Given data:

== == ==

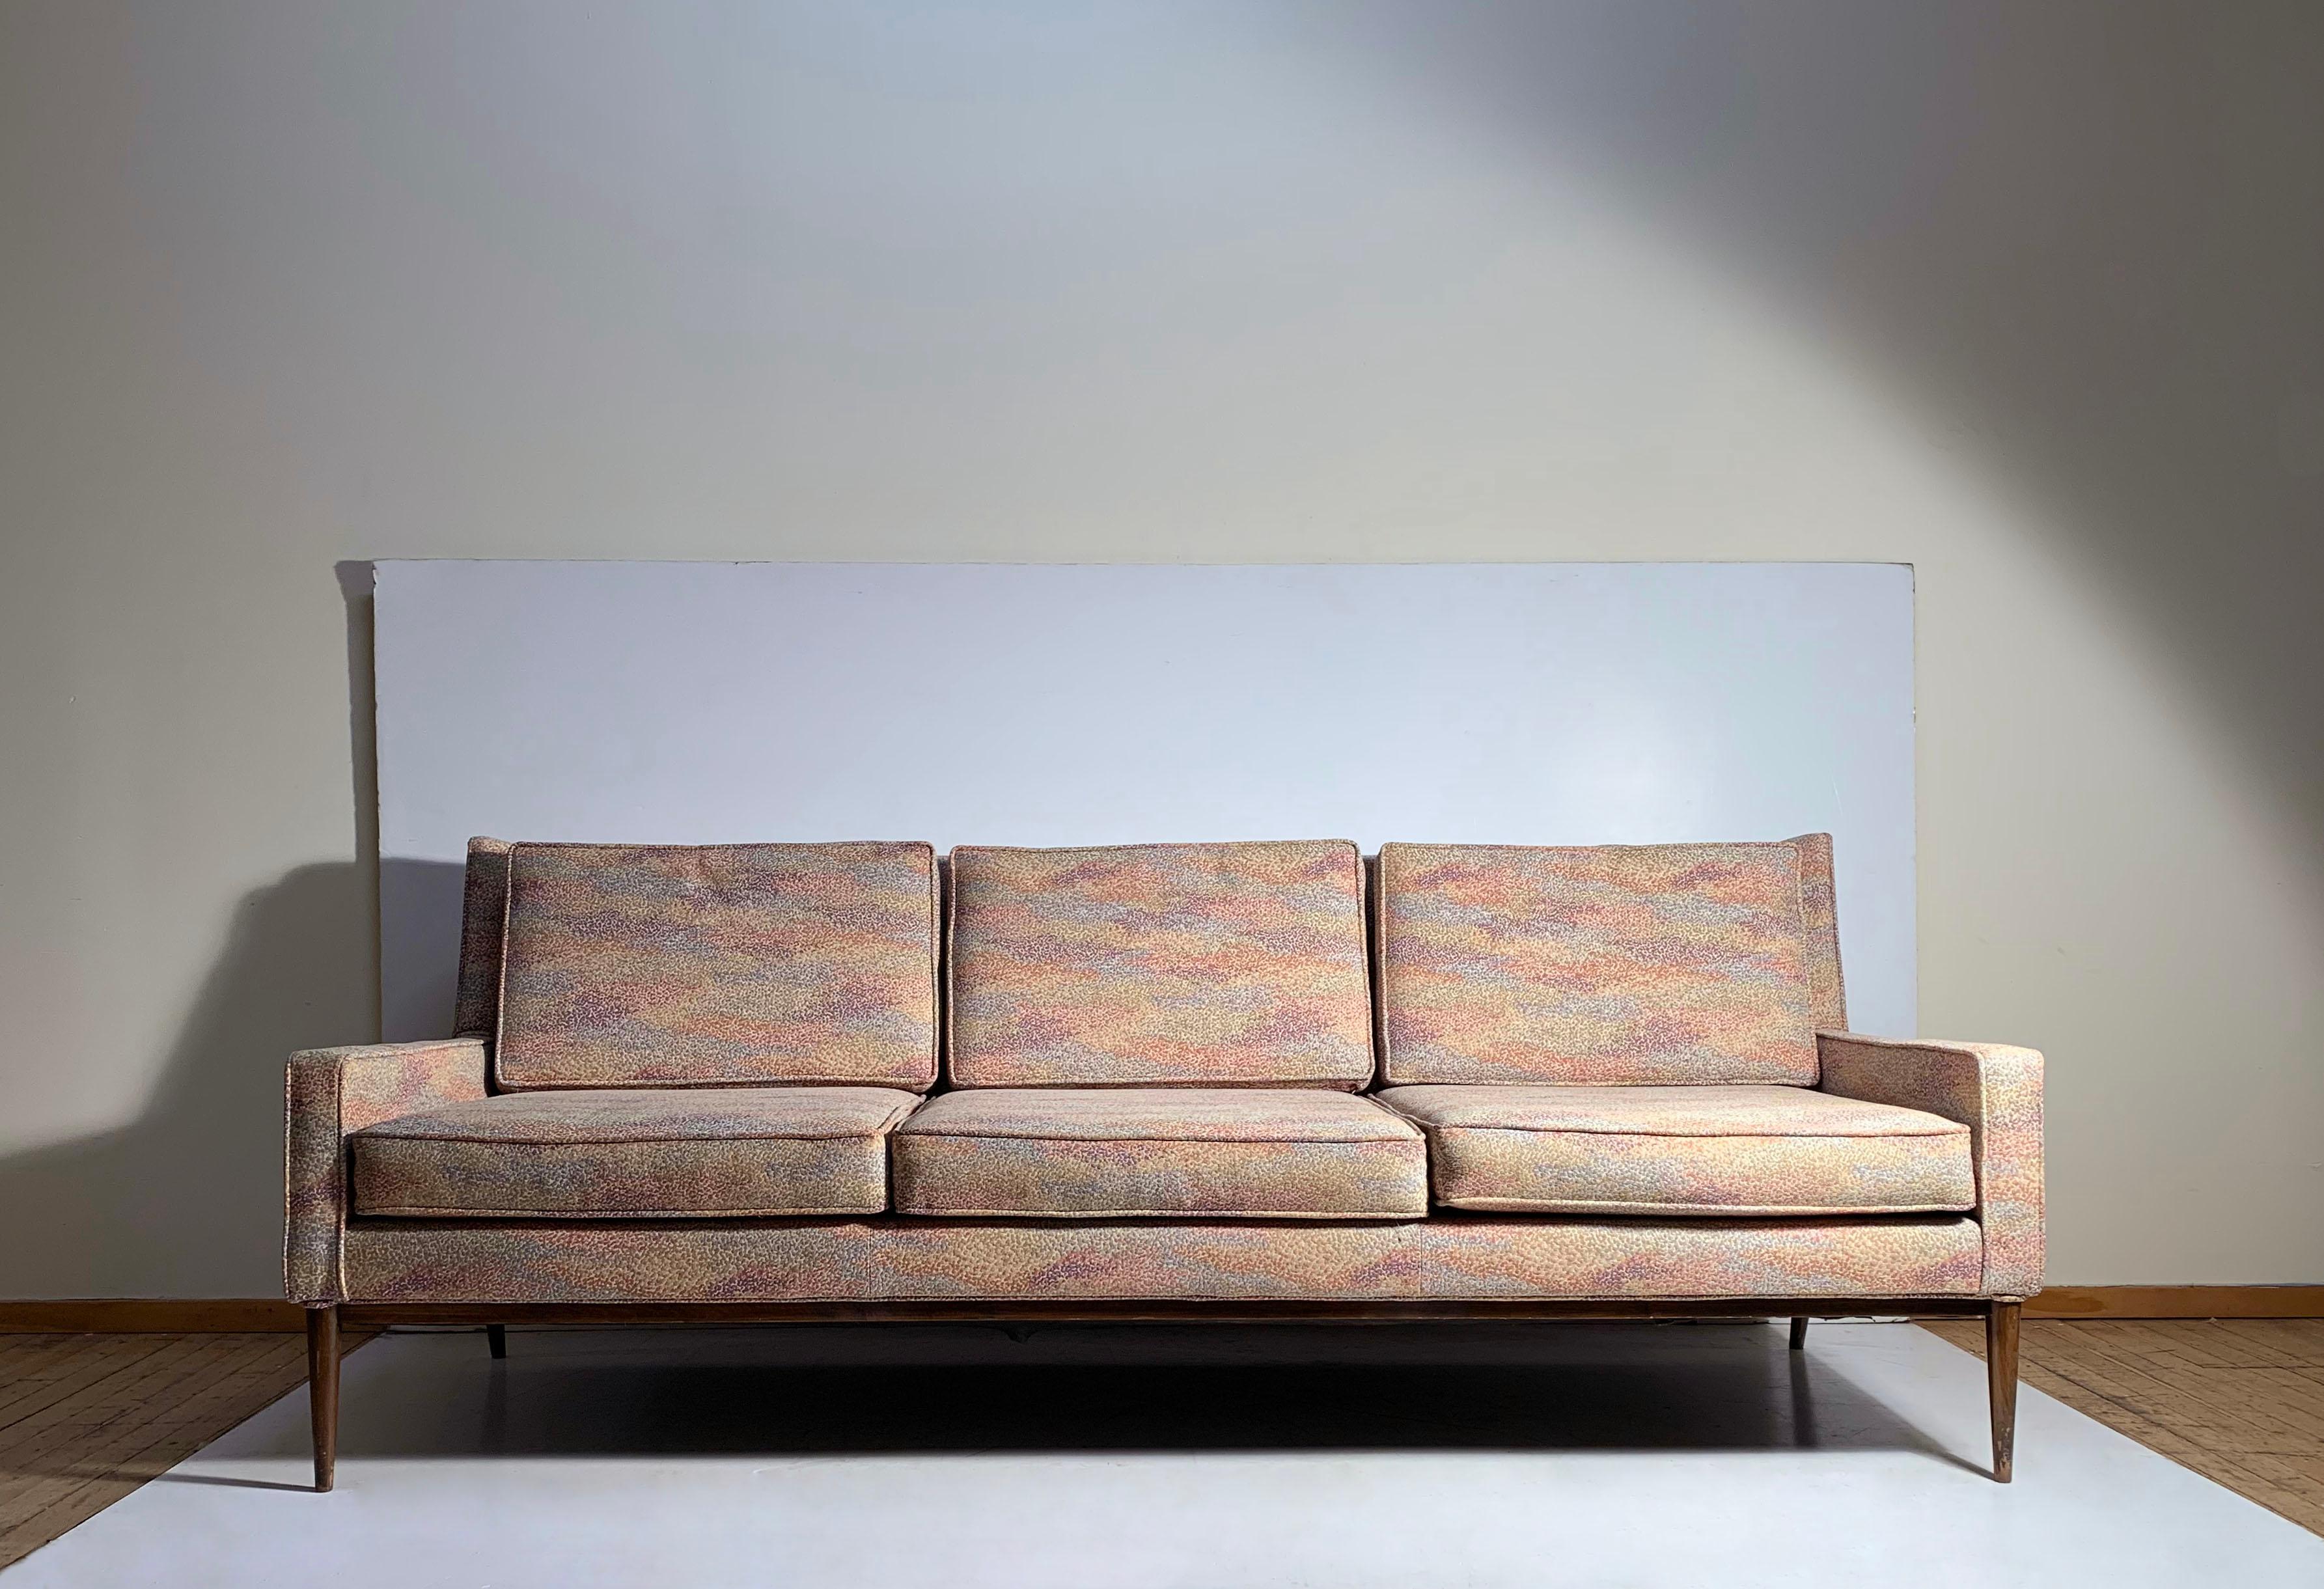 Vintage Paul McCobb Sofa für Directional

irgendwann einmal neu gepolstert. In ziemlich gutem Zustand mit Stoff zu verwenden, wie es ist. geringe Abnutzung. 

Das Finish von Holz und Beinen weist einige Gebrauchsspuren auf.

== == ==

Instructions for the task: Could the data be reproduced exactly, with the pictures omitted?

Finished task:
 Vintage Paul McCobb Sofa für Directional

irgendwann einmal neu gepolstert. In ziemlich gutem Zustand mit Stoff zu verwenden, wie es ist. geringe Abnutzung. 

Das Finish von Holz und Beinen weist einige Gebrauchsspuren auf.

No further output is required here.